Baskowie płci męskiej, są spokrewnieni z celtyckimi (indoeuropejskimi)
Walijczykami i Irlandczykami, ale kobiety Basków już nie.
http://www.focus.pl/nauka/zobacz/publikacje/narodowosc-w-genach/
Post by dK
Post by Waldemar Krzok
Kiedy i gdzie powstał język prasłowiański?
Jedna z teorii dotyczących pochodzenia nazwy Słowian mówi,
że Suobenoi znaczy tyle, co chodzący ze świniami.
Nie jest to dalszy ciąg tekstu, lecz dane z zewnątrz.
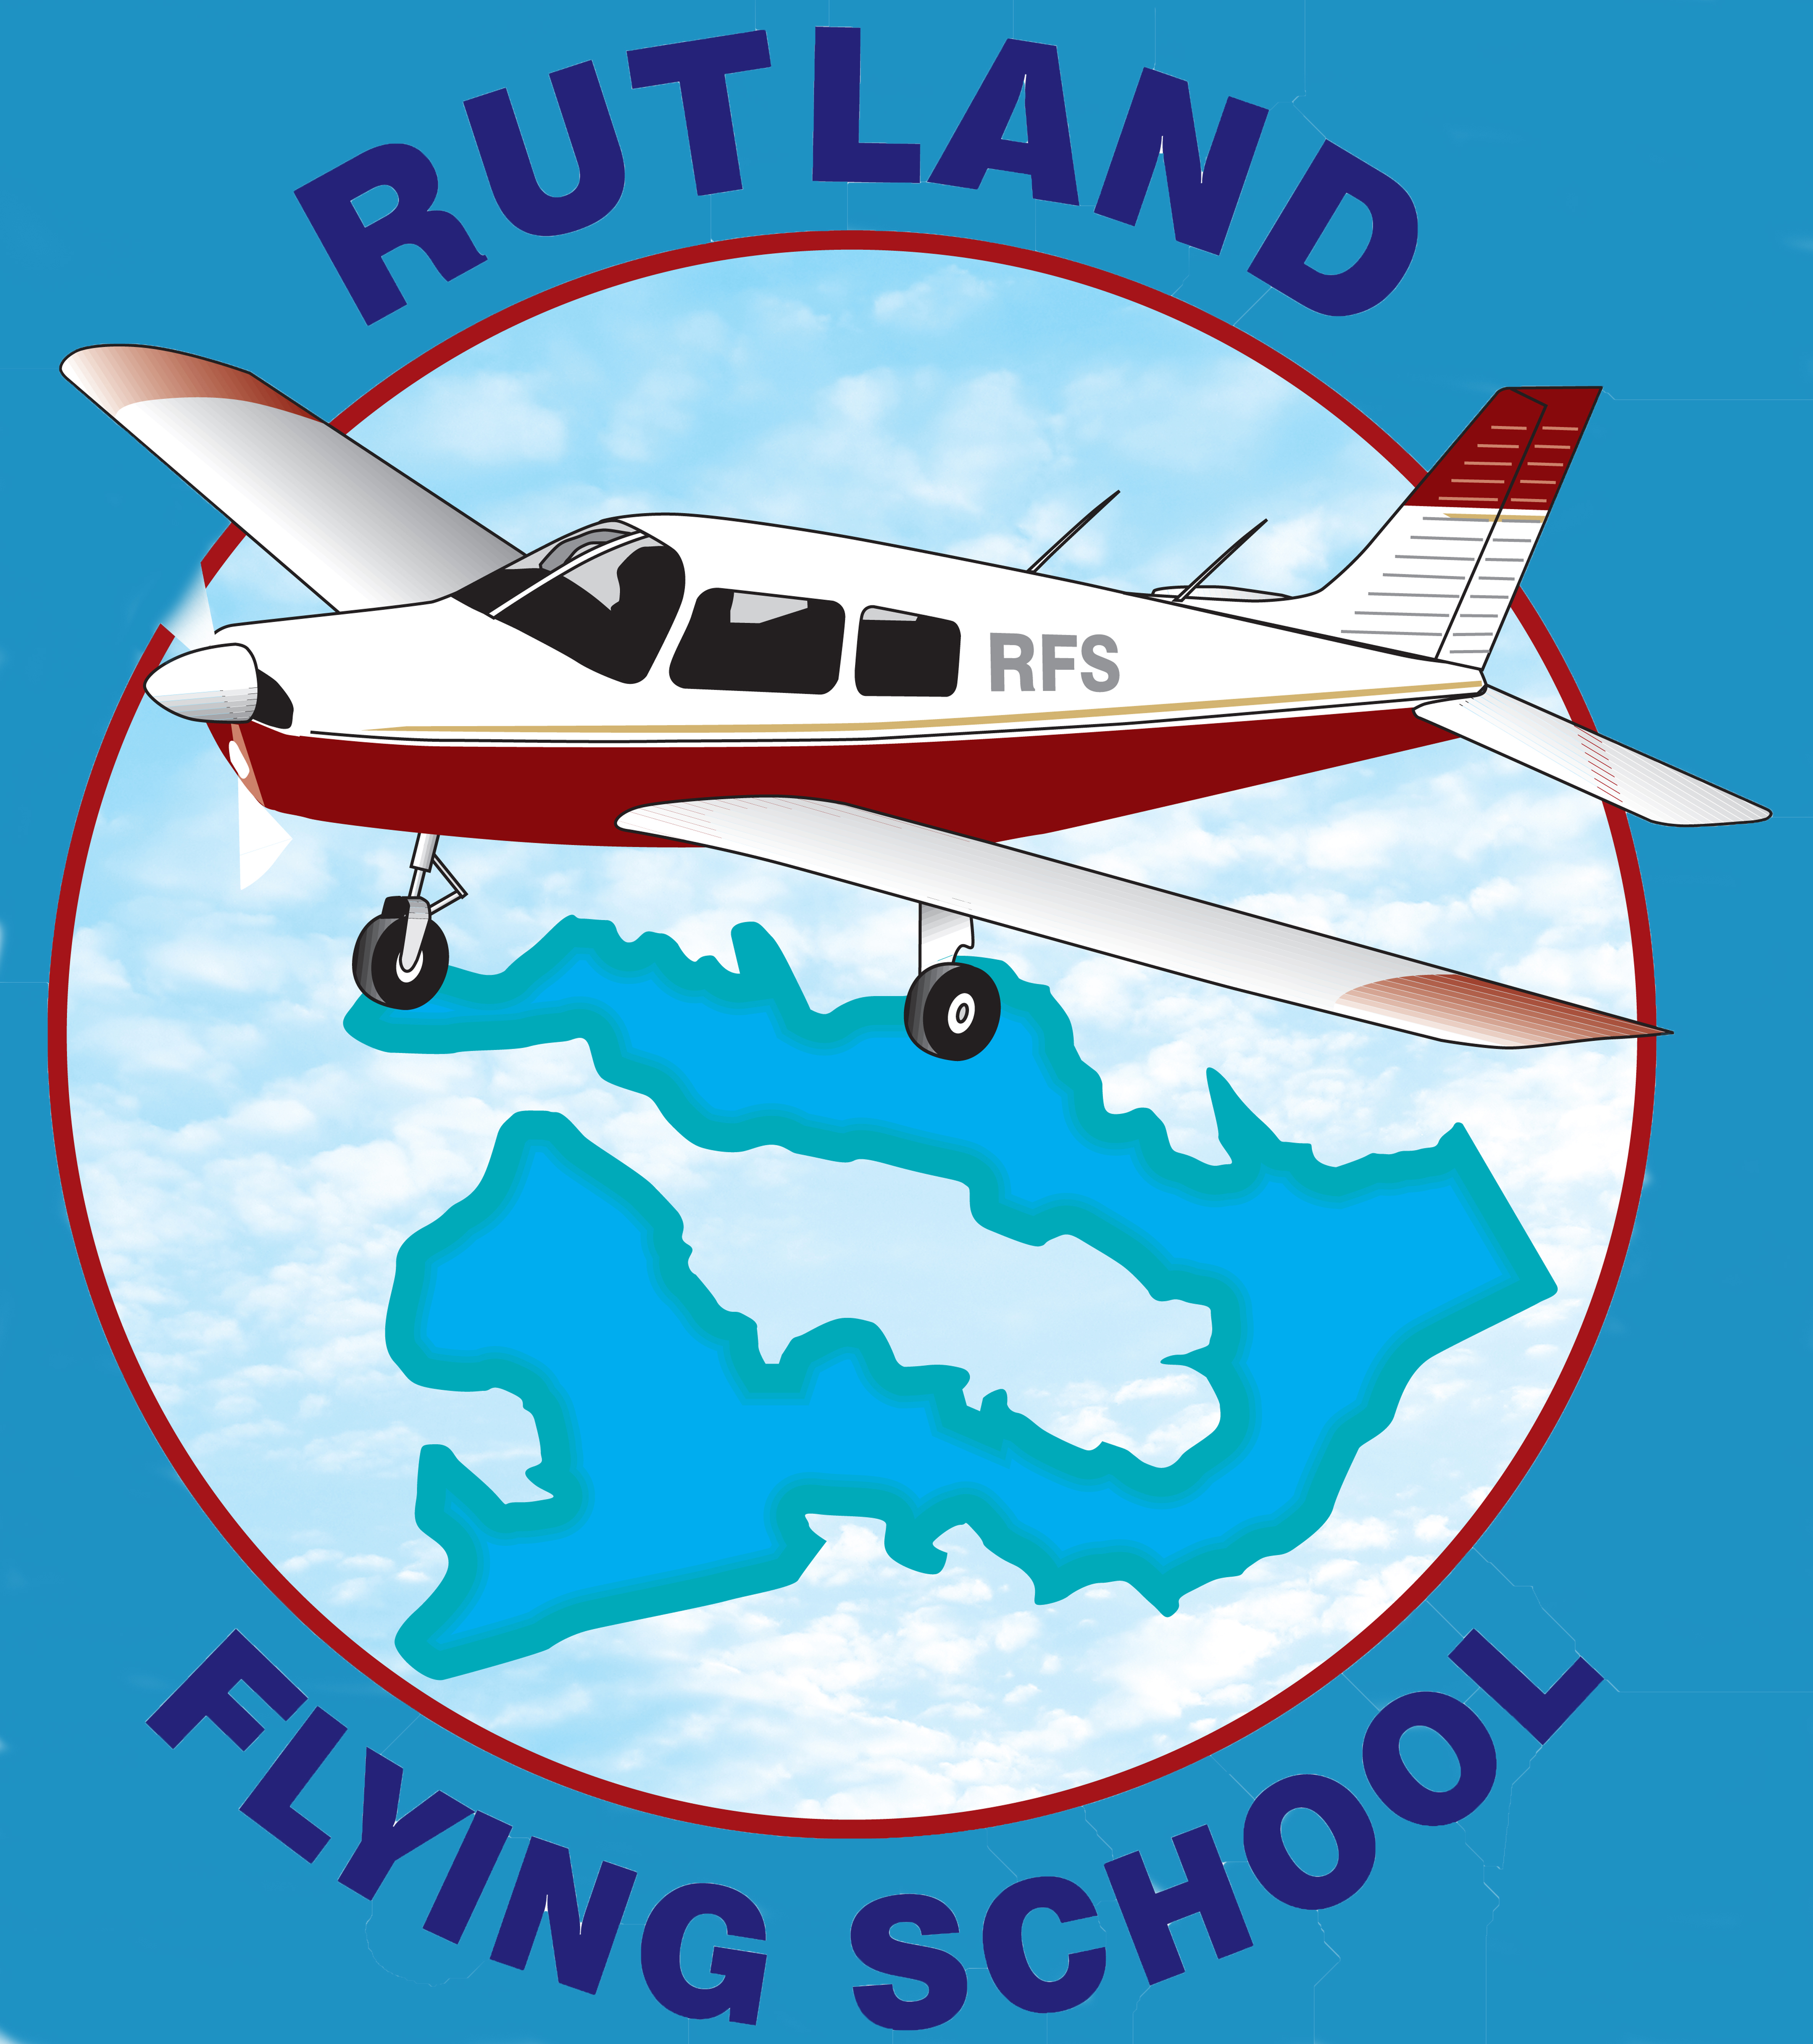 Flying school clipart #12

Być może język słowiański przeszedł podobną drogę co suahili, który początkowo
służył jedynie w kontaktach handlowych Arabów z mieszkańcami Afryki,
a teraz porozumiewają się nim całe narody.
http://www.national-geographic.pl/artykuly/pokaz/skad-sie-wzieli-slowianie/
Post by dK
Kształtował się od rozpadu wspólnoty ie, czyli razem .... kilka tyś. lat. W
tym czasie ludziska wędrowali i mieszali się. Trochę przodków irańskich,
trochę indyjskich, trochę jeszcze innych. Ale głównie krązyli
najprawdoipodobniej na wschód środkowego Dniepru, pewnie wyprawiali się
jeszcze bardziej na wschód, trochę na północ, ale raczej nie na zachód.
Są poważne argumenty statystyczne za zachodnią kolebką Słowian.
http://www.staff.amu.edu.pl/~anthro/slavia/f5.html

WM
--
Wysłano z serwisu OnetNiusy: http://niusy.onet.pl
dK
2011-10-19 21:00:23 UTC
Permalink
Post by WM
Są poważne argumenty statystyczne za zachodnią kolebką Słowian.
http://www.staff.amu.edu.pl/~anthro/slavia/f5.html
WM
Ciekawe opracowanie, choć z wieloma wnioskami popolemizowałbym ;-)
Godłowski generalnie popełnił wiele logicznych błędów wyciągając
nieuzasadnione czesto wnioski, ale zachodnia koncepcja pochodzenia Słowian
jest nie do utrzymania w jeszcze większym stopniu.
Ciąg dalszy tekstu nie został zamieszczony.